Reproduce the listing below word for word and exclude any picture.
BEGIN INFORMATION SUPPLIED
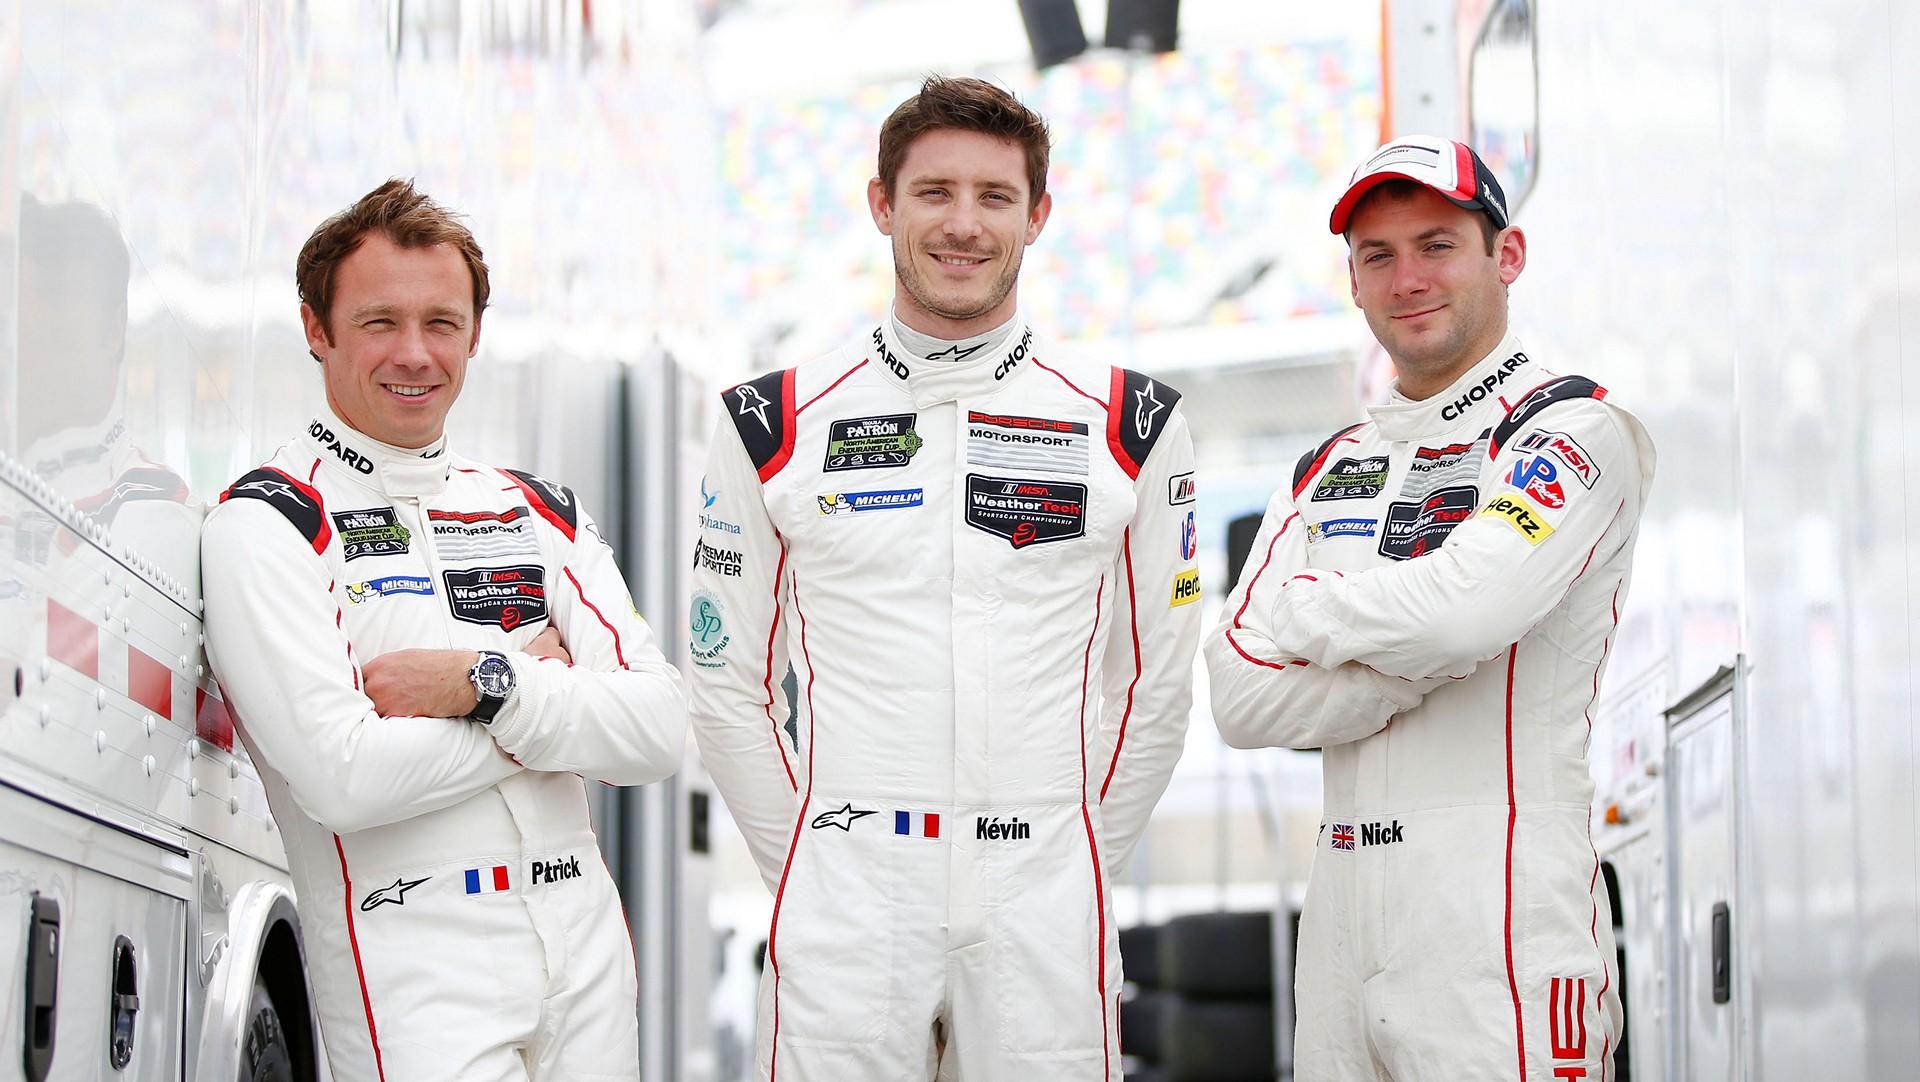 l-r Patrick Pilet, Kevin Estre, Nick Tandy, Daytona, IMSA WeatherTech SportsCar Championship © Dr. Ing. h.c. F. Porsche AG
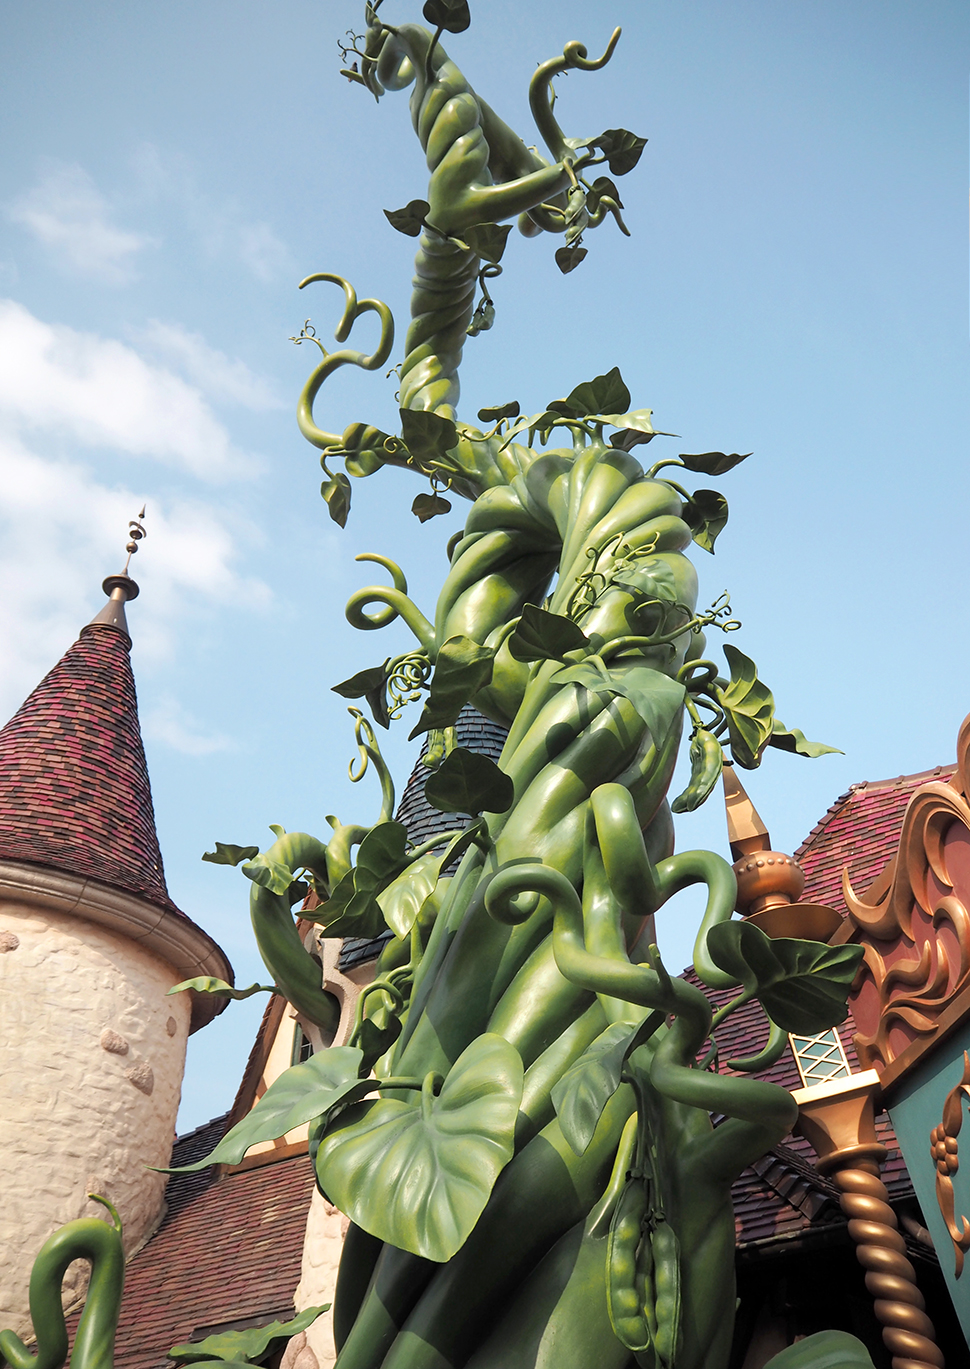 Helloitsvalentine_Disneyland_Spring_37
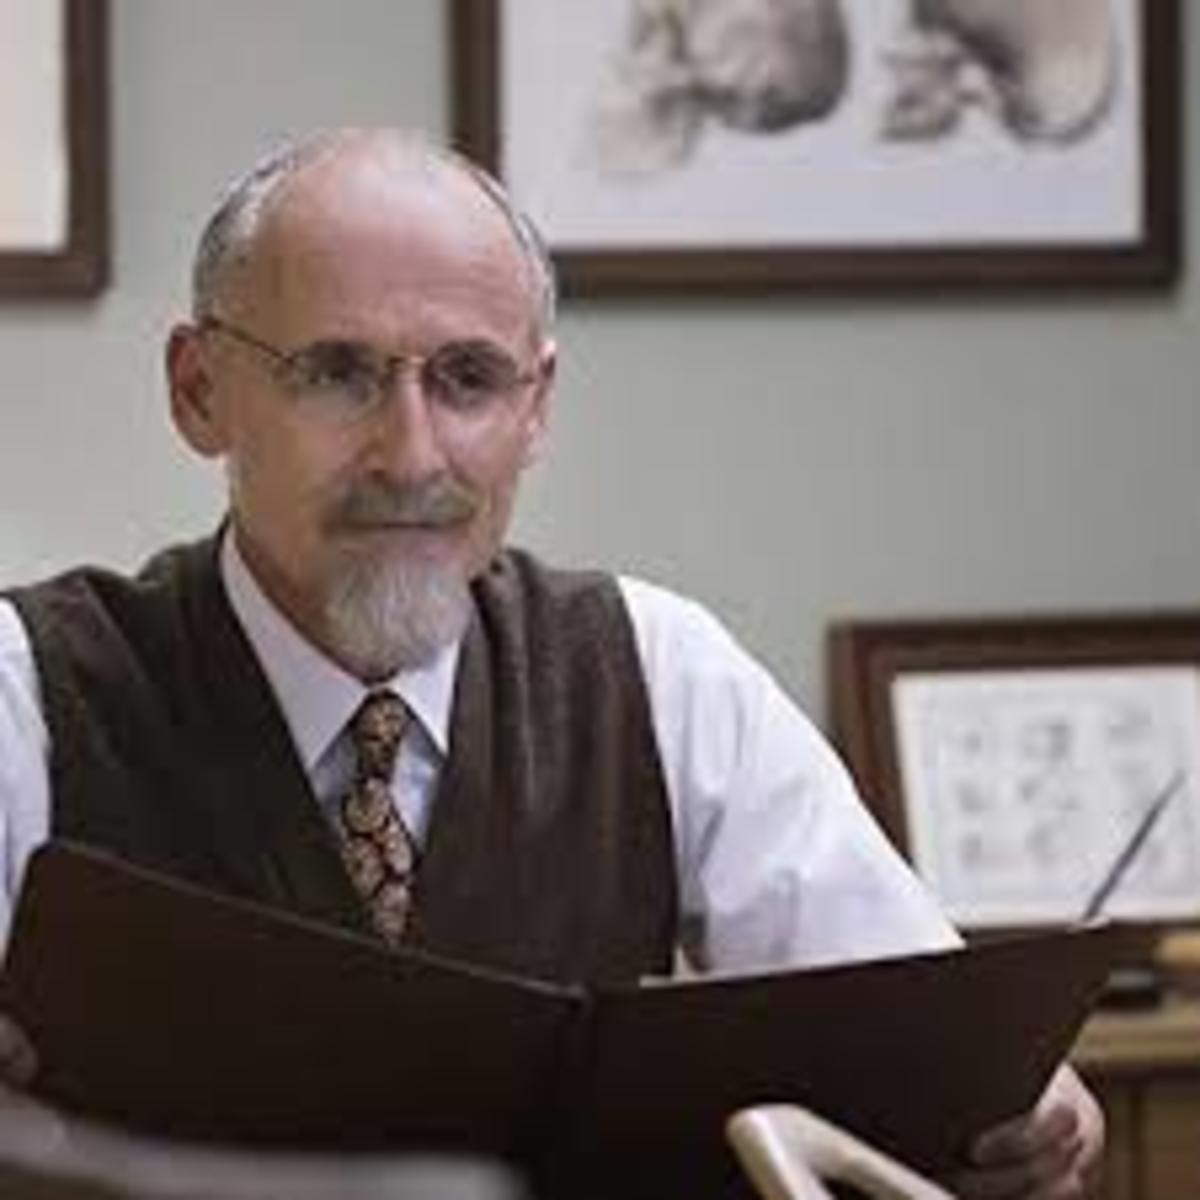 Dr. Walter Freeman
END INFORMATION SUPPLIED
### ANSWER SPACE:
 l-r Patrick Pilet, Kevin Estre, Nick Tandy, Daytona, IMSA WeatherTech SportsCar Championship © Dr. Ing. h.c. F. Porsche AG
 Helloitsvalentine_Disneyland_Spring_37
 Dr. Walter Freeman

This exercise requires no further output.